Dimissioni in bianco e gravidanza

Nel nostro Paese nonostante una legge che tutela le donne lavoratrici, i dati Istat parlano di un aumento dei licenziamenti volontari quando si aspetta un bambino
mamma

Quanto dura l’indignazione? Il tempo di cambiare canale alla ricerca di evasione? Sarà pure una fotografia che non ci piace, ma i dati della relazione Istat 2010 mostrano la situazione reale del Paese. Diffusi a fine maggio sono stati archiviati da un sistema informativo che deve consumare in fretta il menù del giorno. Ma un valore indicativo tra gli altri dovrebbe far riflettere.

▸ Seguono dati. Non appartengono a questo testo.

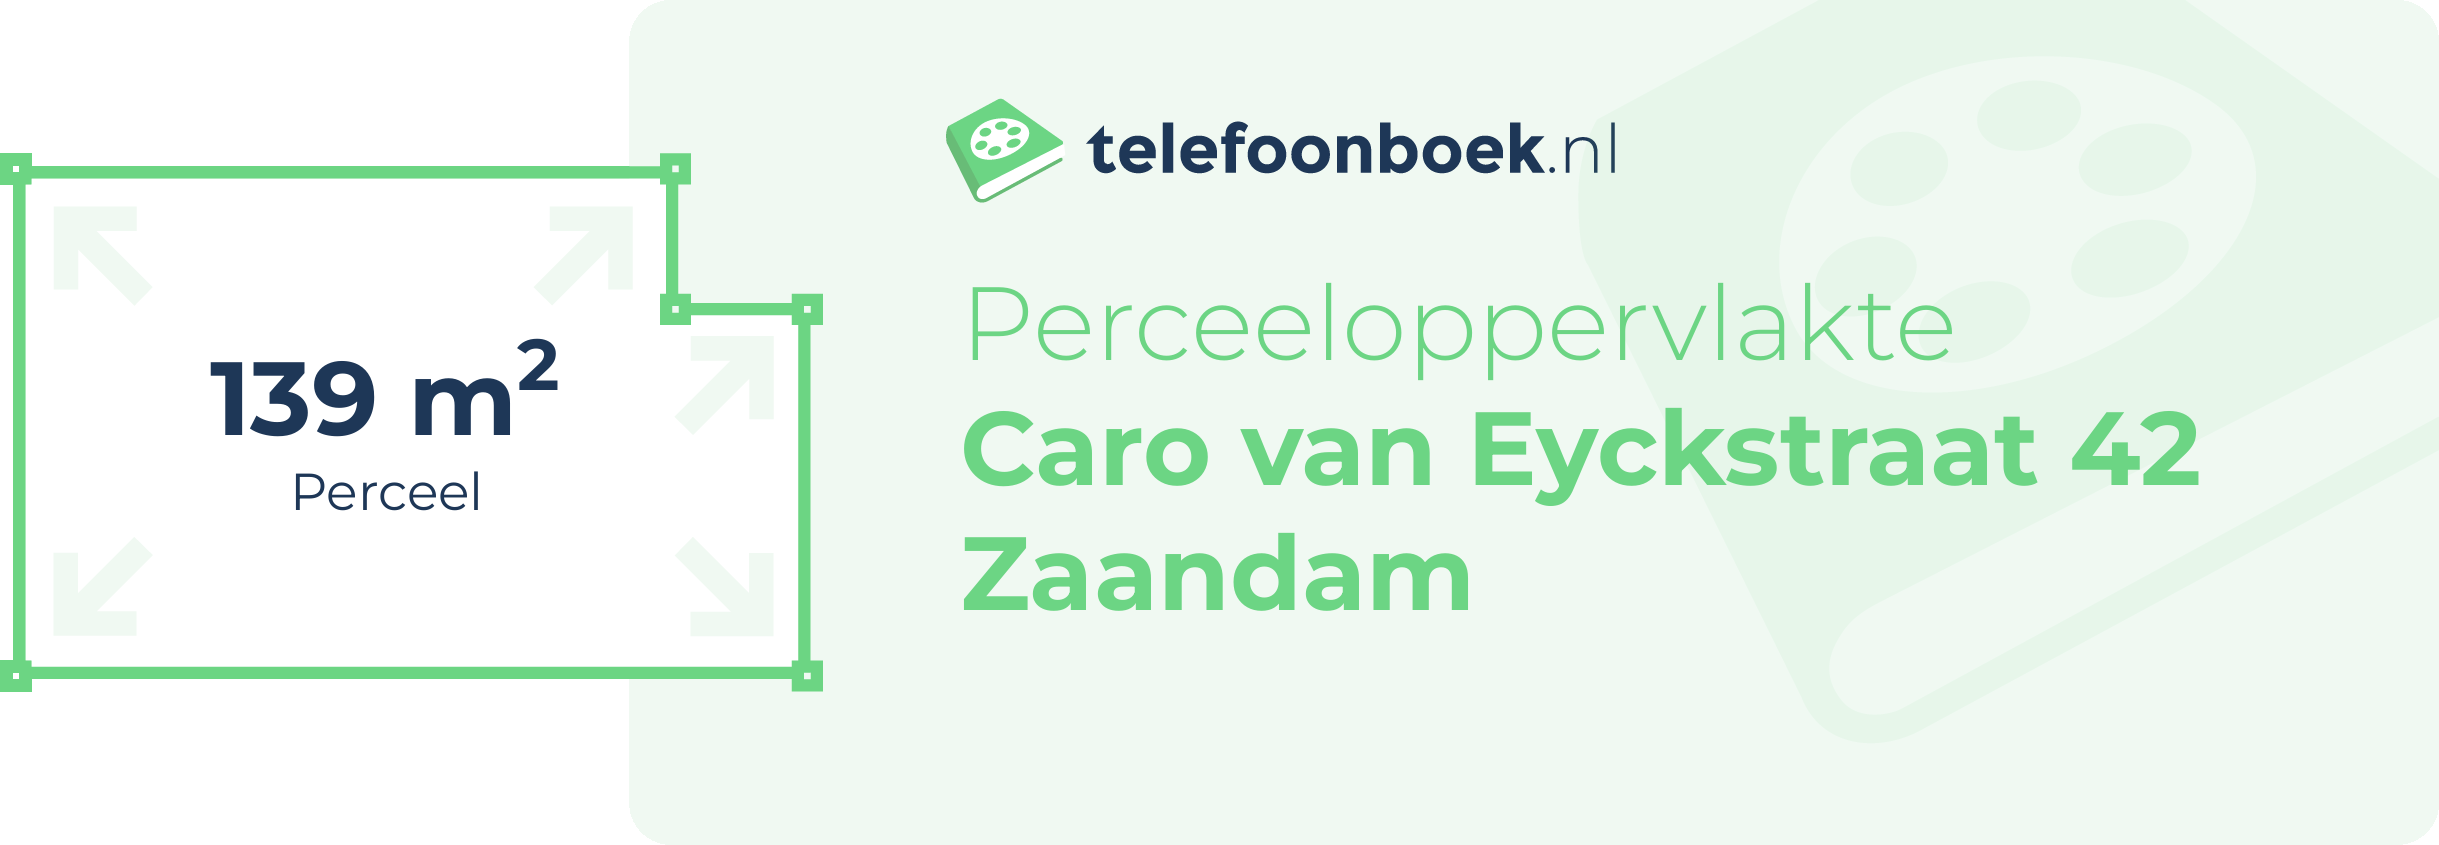 Perceeloppervlakte Caro Van Eyckstraat 42 Zaandam

Tra le più giovani generazioni aumenta per le donne il numero delle interruzioni del rapporto di lavoro «più o meno imposte dal datore di lavoro» a motivo dell’ attesa di un figlio. «In questo contesto lavorativo sempre più precario le “dimissioni in bianco” quasi si sovrappongono al totale delle dimissioni».

 

L’Istituto di statistica, come sempre, rende disponibili e pubblici le relazioni e i dati con tanto di tabelle e grafici. Una conoscenza accessibile, che diventa perciò un bene comune, che potrebbe non rimanere fine a se stessa. Esiste anche un blog http://blog.istat.it/ per commentare e dialogare sui dati resi pubblici il 23 maggio.

 

Già l’indagine “Uso del Tempo” del 2008-2009 aveva esaminato le interruzioni per costrizione avvenute in occasione di una gravidanza, cioè il numero di madri tra 16 e 64 anni, che lavorano o hanno lavorato in passato, e che nel corso della propria vita lavorativa sono state licenziate o messe in condizione di lasciare il lavoro (attraverso proprie dimissioni), in occasione o a seguito di un bambino e le cifre si attestano su dati sconcertanti: circa 800 mila casi.

 

Le cifre sono confermate dalle storie. Mapi ha 32 anni ed è fidanzata da quattro. La sua azienda opera nel campo delle forniture elettriche. Dopo due anni di contratti a tempo determinato il suo capo le ha proposto un contratto sicuro, ma ad una condizione: nessun bambino per quattro anni e se dovesse accadere il licenziamento garantito. Daniela che invece lavora in una fabbrica di componenti elettronici, il lavoro l’ha proprio dovuto lasciare per un figlio, mentre Marisa (nome di fantasia) giornalista, non ha detto al suo direttore di essere incinta e lo ha rivelato solo dopo la firma del contratto, con la conseguenza di vedersi assegnati lavori non conformi alle sue competenze.

 

Come mai non riusciamo a liberarci da questa pratica odiosa delle dimissioni fatte firmare su foglio in bianco alle donne come una sorta di assicurazione contro le complicazioni di avere in forza una lavoratrice madre? Eppure una legge molto pragmatica era stata varata nell’ottobre 2007 con l’unanimità della Camera. Introduceva l’obbligo di alcuni formulari numerati che non potevano compilarsi se non al momento delle effettive dimissioni. Certo le pressioni verso l’espulsione dal mondo del lavoro possono avvenire in tanti modi che non richiedono per forza la firma in bianco che comunque rappresenta sempre un reato ( violenza privata ed estorsione). Per non parlare di tutto il mondo del sommerso.

 

Ma questa legge a difesa della maternità ha ricevuto, da subito, un fuoco di fila di proteste da parte delle aziende e degli operatori per regolamenti attuativi e circolari applicative giudicate contraddittorie. Con un decreto legge del giugno 2008 è stata, infatti,immediatamente abrogata in nome della «semplificazione e riduzione dei costi di transazione nella gestione dei rapporti di lavoro». Di fatto senza trovare una soluzione alternativa per contrastare un fenomeno così diffuso e che mette a rischio seriamente il futuro lavorativo del nostro Paese.